The first rule is to understand the purpose or the objective of all the tasks that you do (or need to do). This will help you understand why you should do it. And if there are multiple ways of doing it, this will help you determine the best way to reach the objective.

Rule 2: Prioritize

The problem with tasks is that you almost always have more than one! Especially as a college student, you have to be constantly juggling between lots of things. The best way to make the optimum use of your time is to do tasks based on priority.
You should be able to rank your tasks based on the importance or the urgency of the task. So when you have to do your school work, the tougher assignments or the ones with the closer deadlines should almost always have the higher priority.

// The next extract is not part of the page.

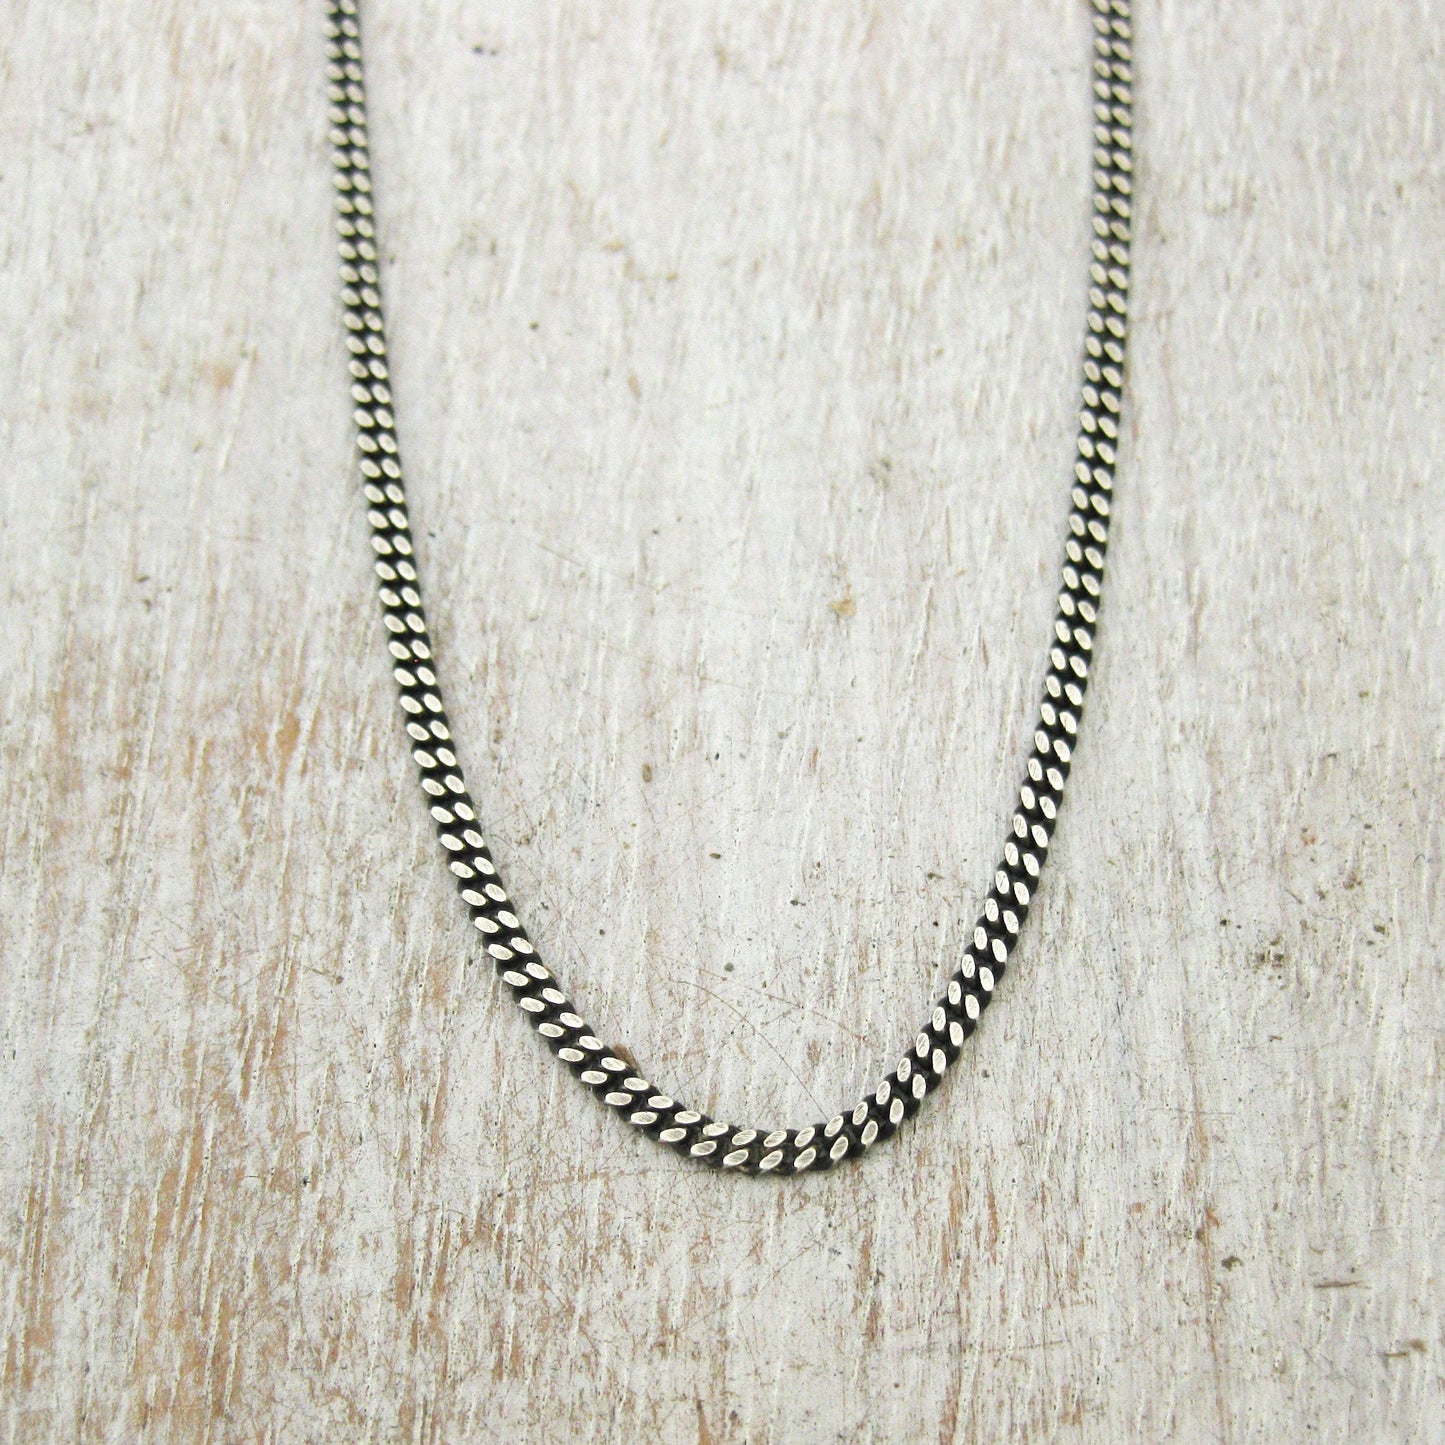 Sterling Silver Oxidized or Shiny Curb Chain, 18" to 30" Lengths, 2mm or 3mm, Man's Silver Chain, Blackened Necklace for Men, Unisex Chain

Rule 3: Split into Smaller Sub-tasks

It’s best to divide and conquer your work, i.e., split big tasks into smaller sub-tasks. Organizing your work into smaller tasks makes it easier and achievable. Sometimes the massiveness of a task can make it daunting and you may put it off for a more favorable time. Whereas the smaller sub task can make the whole thing seem more approachable.  Dividing the task into smaller units will ensure that you’re constantly progressing in your task!

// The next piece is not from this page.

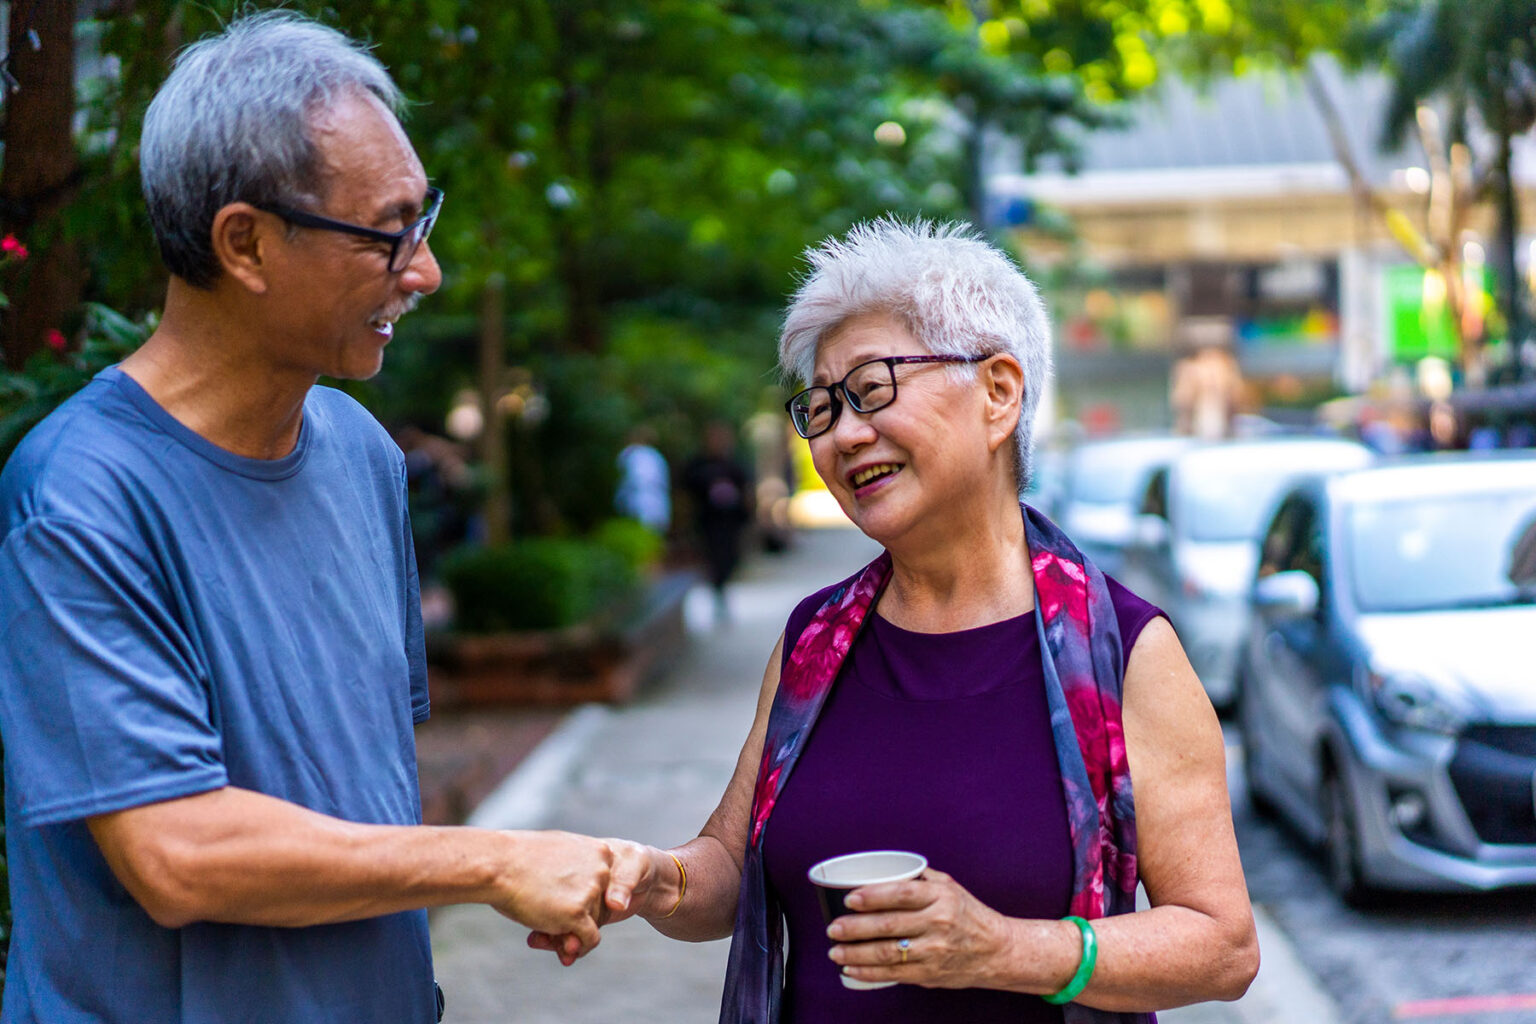 Two senior people shaking hands and talking while they are standing on the street in Singapore.

Rule 4: Take Them One at a Time

Although students like to be proud of their multitasking abilities, studies have shown that multitasking is a weakness, not strength. At any given time, two tasks are the maximum our brain can handle. So it’s detrimental if you try to overload your brain with more than two tasks at a time.
You should always plan to ensure that you’re doing just one task at any given moment. This will make you more effective and efficient in dealing with what you’re doing. Since you’re not distracted with multiple tasks, you will be performing at your highest potential.

Rule 5: Be Relentless

“With self-discipline most anything is possible.” – Theodore Roosevelt

Almost any habit that you want to build requires persistence and self-discipline, and it’s no different with time management. While in college, many times you may have to make the hard choice between doing the task you want to do and the task you should do! So being relentless in following your plan is crucial for the success of your time management efforts.

Rule 6: Track and Control

Last but not the least, you should make a note of all the tasks that you plan to do. This will make it easier for you to constantly be aware of the tasks you have pending at any given time. Tracking your tasks also serves another, more important purpose of being able to monitor your progress. This will help you make changes wherever necessary, and plan in advance for any impending tasks.

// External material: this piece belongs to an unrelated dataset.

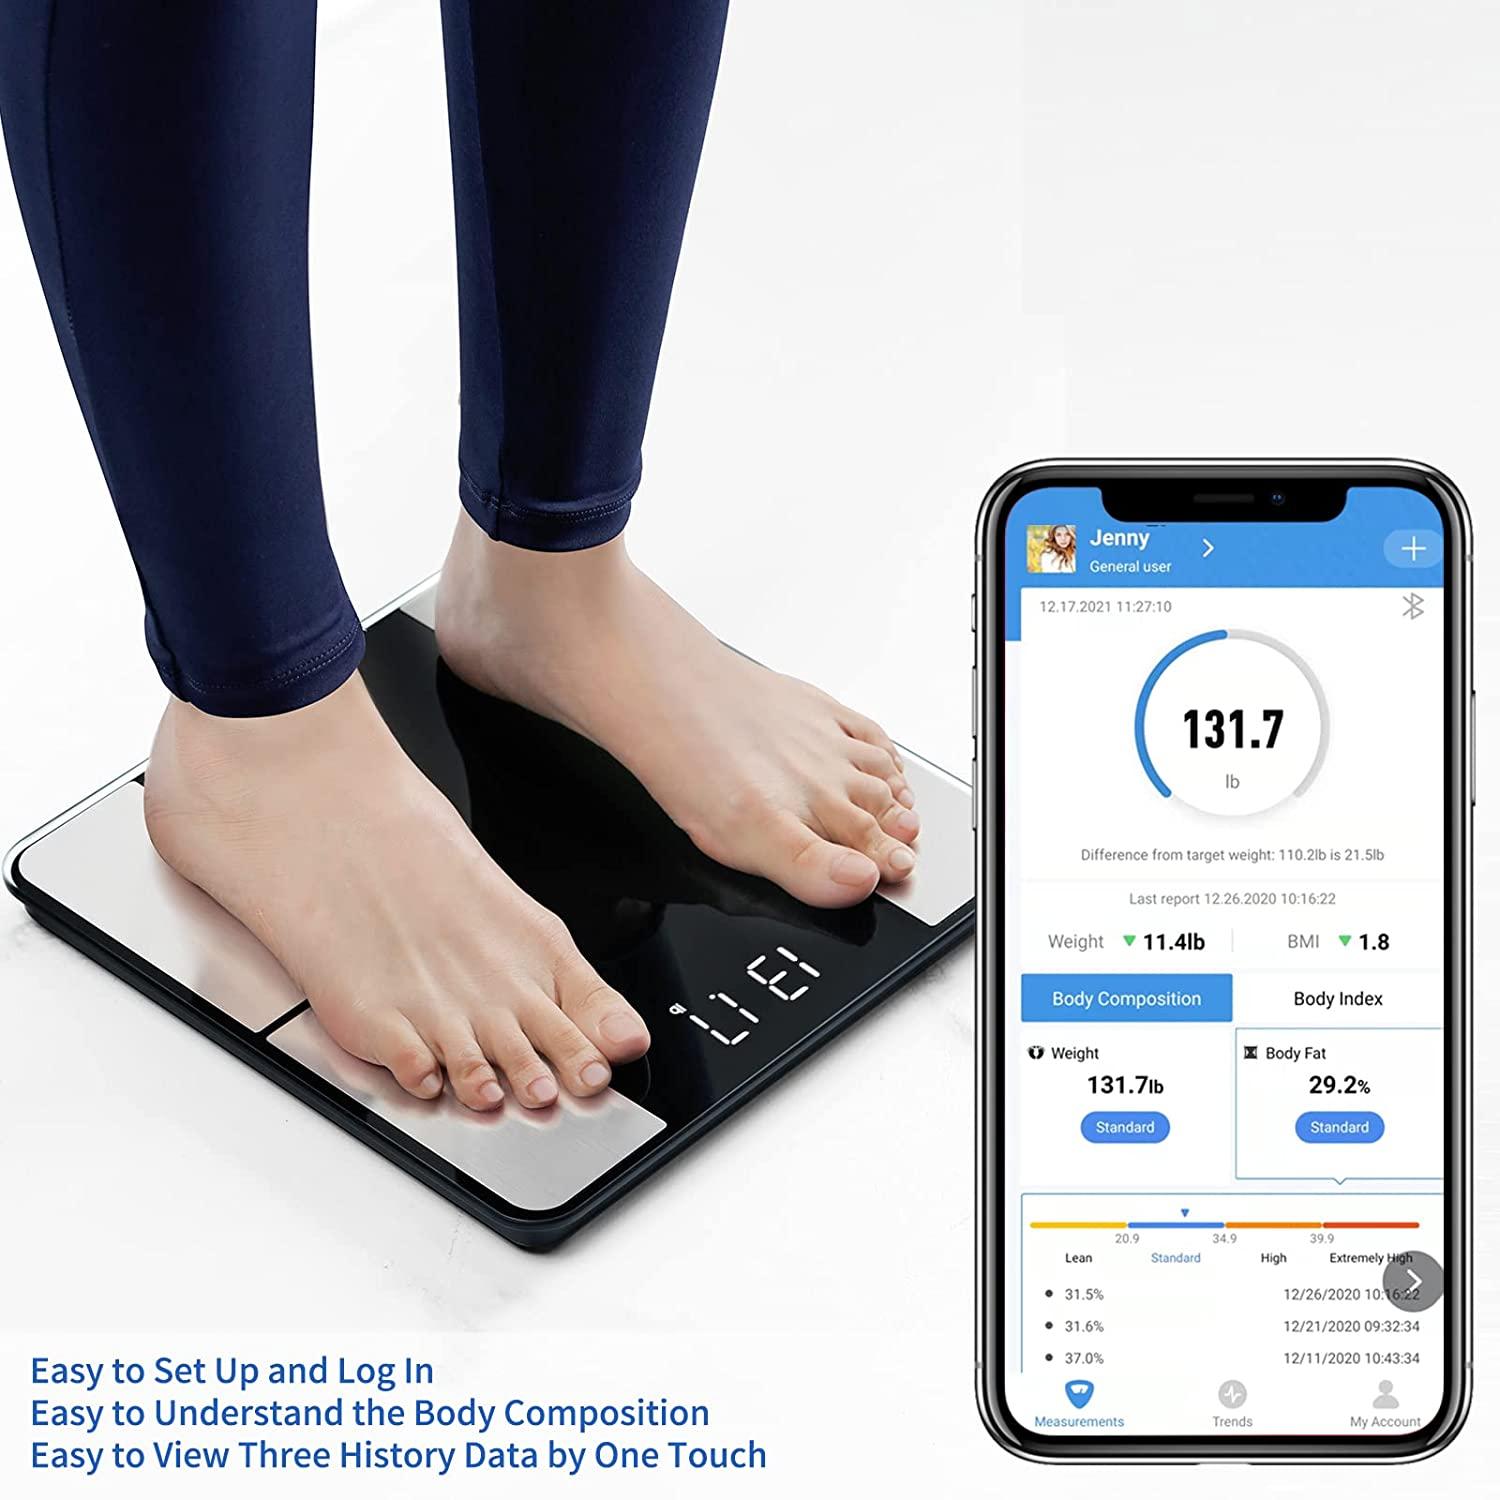 Vitafit Digital Bathroom Scale for Body Weight, Weighing Professional Since  2001, Clear LED Display and Step-On, 3*AAA Batteries Included

Now that you’ve learned about the basic rules of time management, you can get started on making the most of your college life. If you’re not satisfied with just the basics and would like to learn more about time management and productivity, I would highly recommend the following titles:

  1. The 7 Habits of Highly Effective People by Stephen R. Covey
  2. Getting Things Done: The Art of Stress-Free Productivity by David Allen

Photo Credit: gadl cc


Learn how to study quickly and efficiently.  Order your copy of The Secrets of Top Students today!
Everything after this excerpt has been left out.